* [Task requirements]:
Reproduce, word for word, the lines in the material below starting with the one that has "十一ユーザーラジエーターSONONIA 二つ折り財布 レディース" and going on through the one that has "Ποινική δίωξη κατά". Leave out all pictures.

* [Task inputs]:
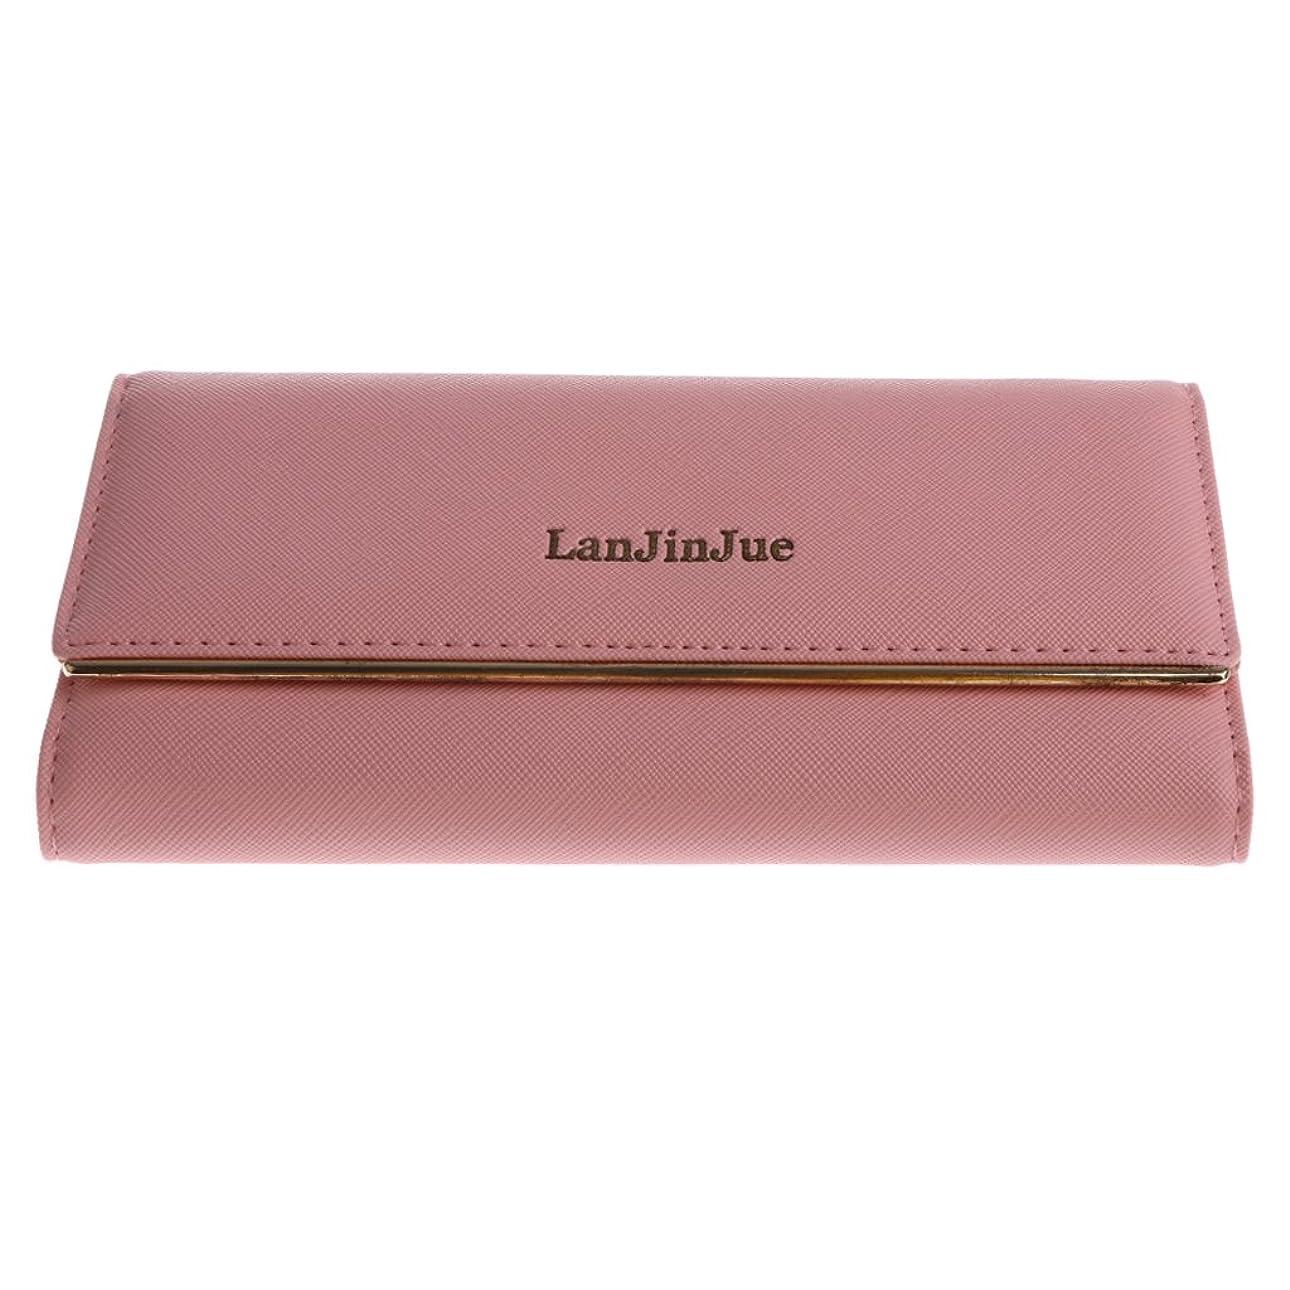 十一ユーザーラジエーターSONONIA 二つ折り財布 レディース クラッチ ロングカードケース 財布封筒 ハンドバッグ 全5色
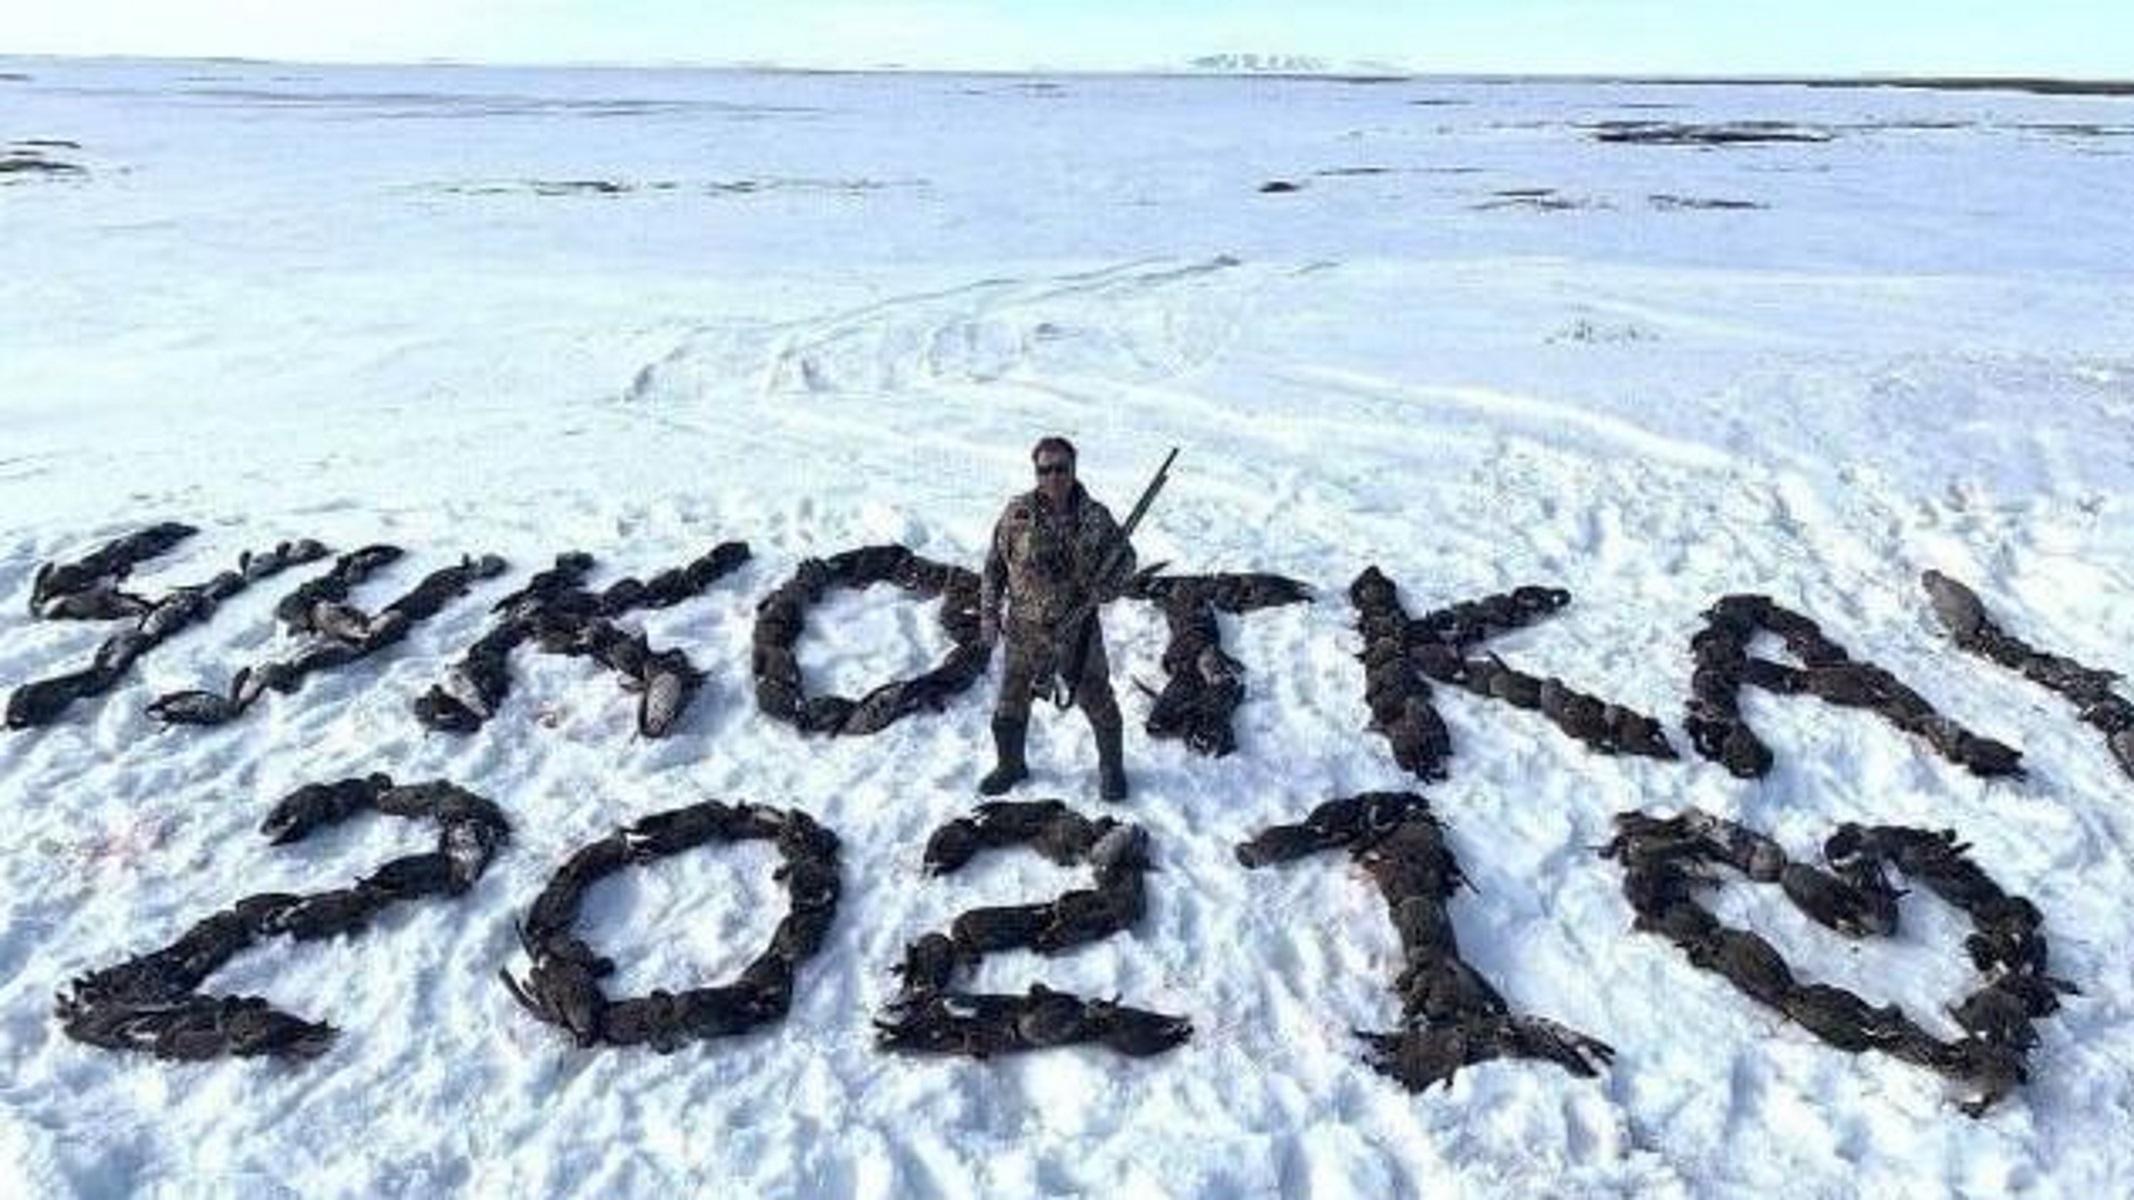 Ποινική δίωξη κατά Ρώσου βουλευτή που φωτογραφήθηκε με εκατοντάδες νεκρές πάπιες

* * *

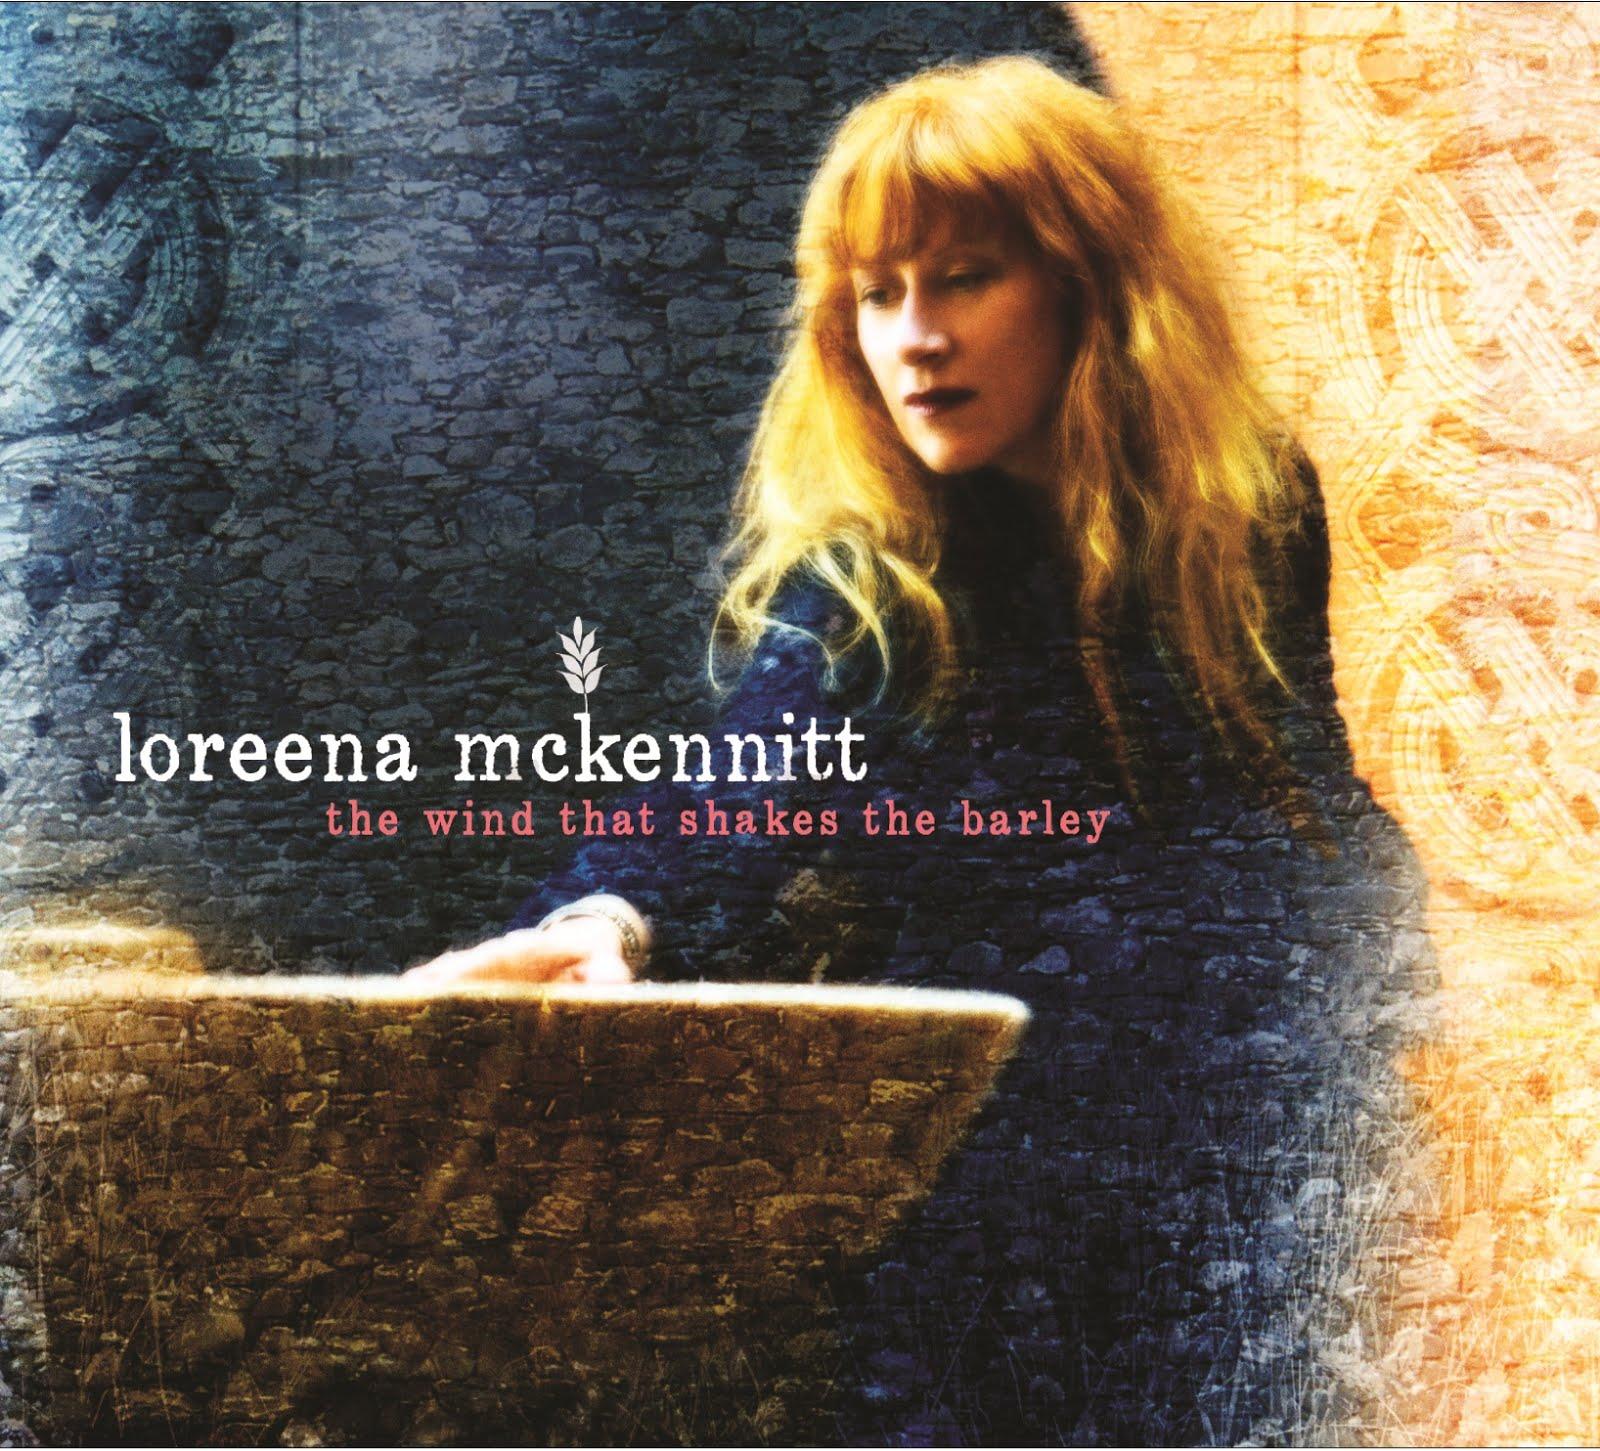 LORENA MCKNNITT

* [Final answer]:
 十一ユーザーラジエーターSONONIA 二つ折り財布 レディース クラッチ ロングカードケース 財布封筒 ハンドバッグ 全5色
 Ποινική δίωξη κατά Ρώσου βουλευτή που φωτογραφήθηκε με εκατοντάδες νεκρές πάπιες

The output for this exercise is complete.